Given data:
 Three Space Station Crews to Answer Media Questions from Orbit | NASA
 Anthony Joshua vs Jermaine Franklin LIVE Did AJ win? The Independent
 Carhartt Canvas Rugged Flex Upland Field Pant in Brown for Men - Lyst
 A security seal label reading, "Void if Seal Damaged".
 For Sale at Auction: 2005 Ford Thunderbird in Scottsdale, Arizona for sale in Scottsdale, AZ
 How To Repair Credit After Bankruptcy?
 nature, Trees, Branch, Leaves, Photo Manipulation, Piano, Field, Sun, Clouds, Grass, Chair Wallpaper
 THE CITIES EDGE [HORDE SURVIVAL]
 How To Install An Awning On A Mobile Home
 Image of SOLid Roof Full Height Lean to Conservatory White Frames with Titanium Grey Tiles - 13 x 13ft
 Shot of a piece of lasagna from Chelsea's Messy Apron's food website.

Work request:
Please extract exactly, and only, the lines from the line containing "THE CITIES EDGE [HORDE SURVIVAL]" through the last line of the records.

Output:
 THE CITIES EDGE [HORDE SURVIVAL]
 How To Install An Awning On A Mobile Home
 Image of SOLid Roof Full Height Lean to Conservatory White Frames with Titanium Grey Tiles - 13 x 13ft
 Shot of a piece of lasagna from Chelsea's Messy Apron's food website.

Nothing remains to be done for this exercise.